On Tue, Oct 15, 2002 at 06:20:55PM -0400, [email protected] wrote:
>
> The following five patches add Posix ACL support to the 2.5 kernel. The
> first three patches are generic, and will be useful to other filesystems
> who also have ACL support on deck (in particular, the JFS and XFS
> folks). The last two patches add ACL support to the ext2 and ext3
> filesystems.

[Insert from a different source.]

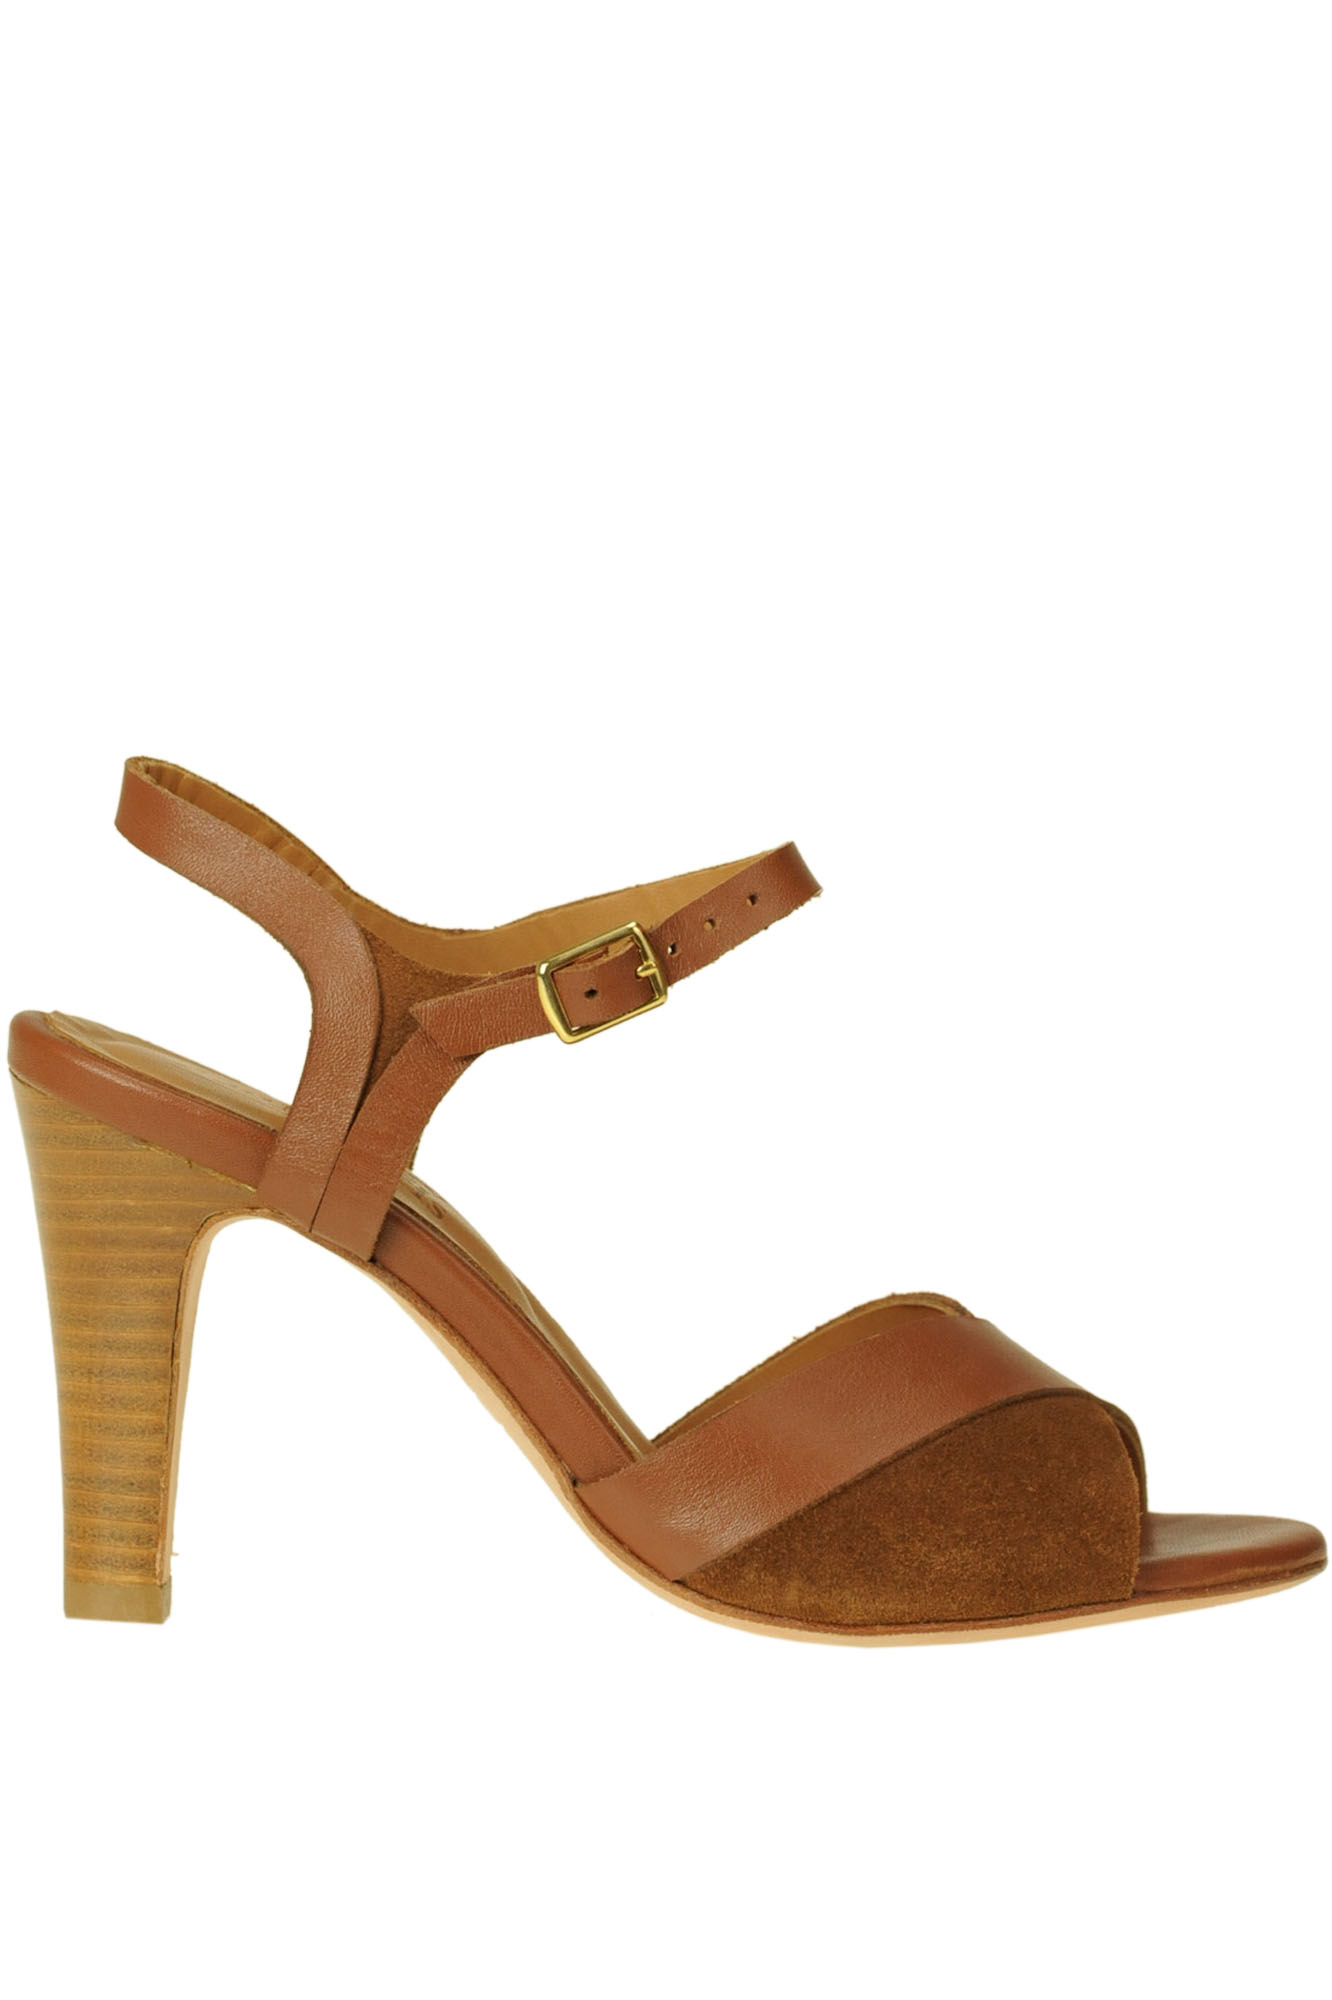 ANTHOLOGY PARIS LEATHER AND SUEDE SANDALS

These patches are safe, in that the code paths remain
> largely untouched if they the compile-time option is not enabled, and
> even if ACL support is compiled in, the filesystem must be explicitly
> mounted a mount-option to enable ACL support.
>
> These pataches require that the extended attribute patches be applied
> first.

Linux, please domn't apply these ACL patches until the inode method mess is
sorted out.

Ted, please either go _always_ through the {get,set}_posix_acl methods
or never. Currently XFS doesn't know and doesn't want to know
about the so called "egenric ACL representation" used by ext2/ext3. With
theses methods we'd have to add it to XFS which is fine for me as long as
it the representation generally used for working with ACLs. That would mean
we'd have to add new syscall or at least VFS-level hooks to the xattr code.

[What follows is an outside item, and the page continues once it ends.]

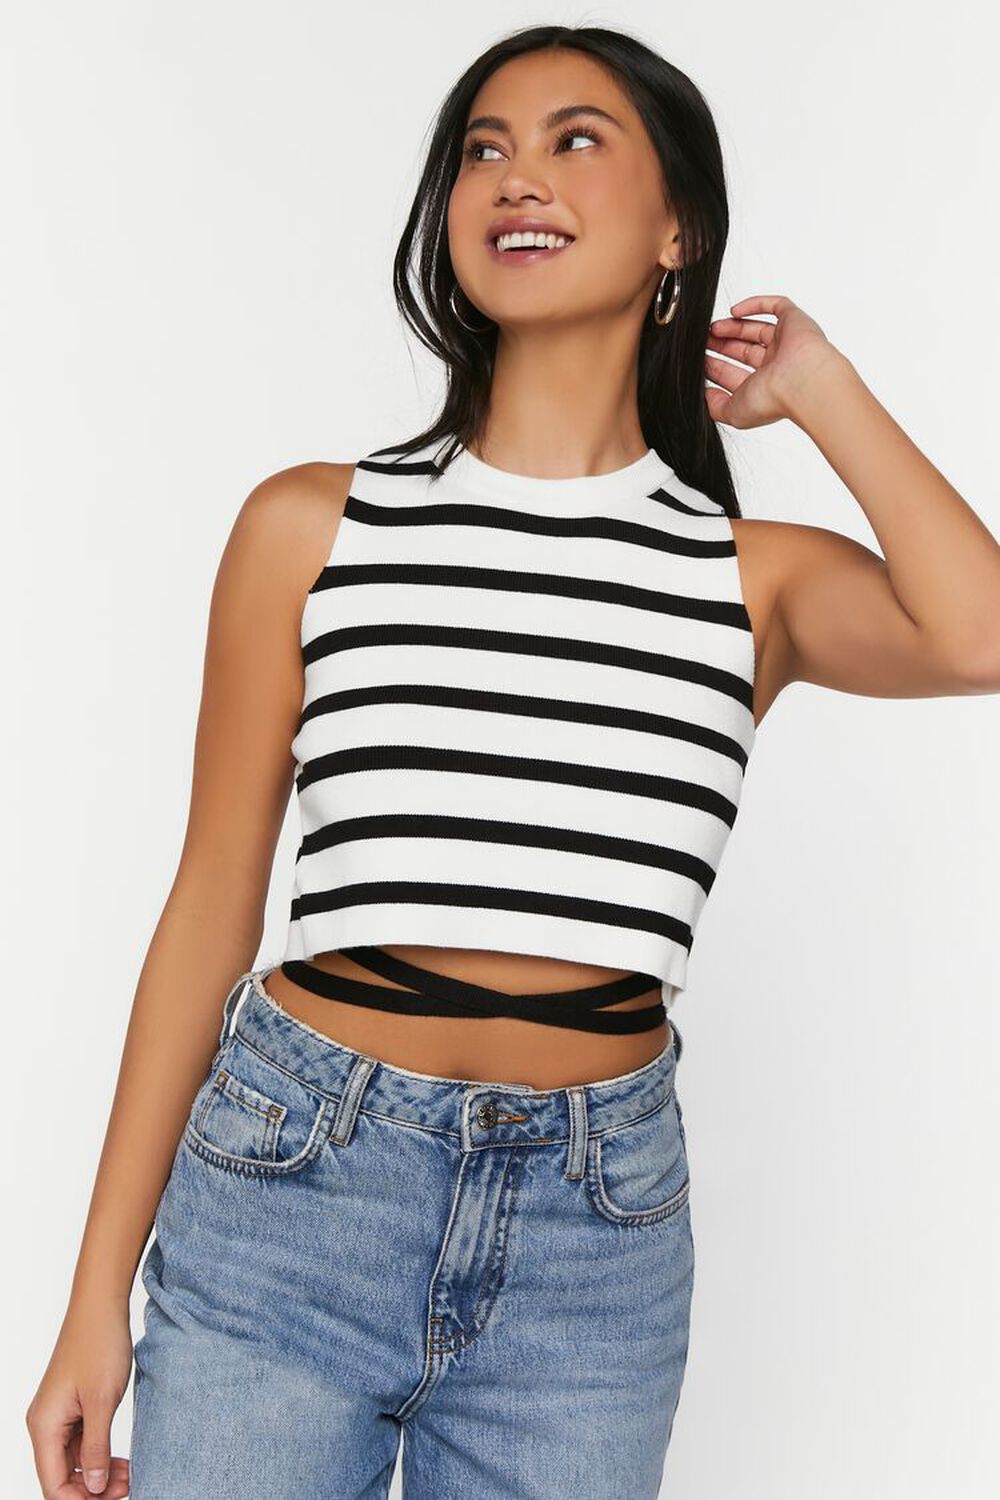 BLACK/WHITE Striped Strappy Sleeveless Crop Top, image 1

Or just declare the xattr representation the default one, remove
the get_posix_acl/set_posix_acl code from this code and fix up the nfsd
patch (that doesn't seem to be submitted yet) up to us the xattr
representation.

2002-10-16 15:44:25

by Theodore Ts'o

[permalink] [raw]
Subject: Re: [PATCH 1/5] Add POSIX Access Control Lists to ext2/3

On Wed, Oct 16, 2002 at 02:11:04PM +0100, Christoph Hellwig wrote:
> Ted, please either go _always_ through the {get,set}_posix_acl methods
> or never. Currently XFS doesn't know and doesn't want to know
> about the so called "egenric ACL representation" used by ext2/ext3. With
> theses methods we'd have to add it to XFS which is fine for me as long as
> it the representation generally used for working with ACLs. That would mean
> we'd have to add new syscall or at least VFS-level hooks to the xattr code.

Fine. I'll just yank the {get,set}_posix_acl methods for now. The
inode methods were only needed for the NFS code (see Andreas' comments
about the xattr interfaces being problematical for VFS support).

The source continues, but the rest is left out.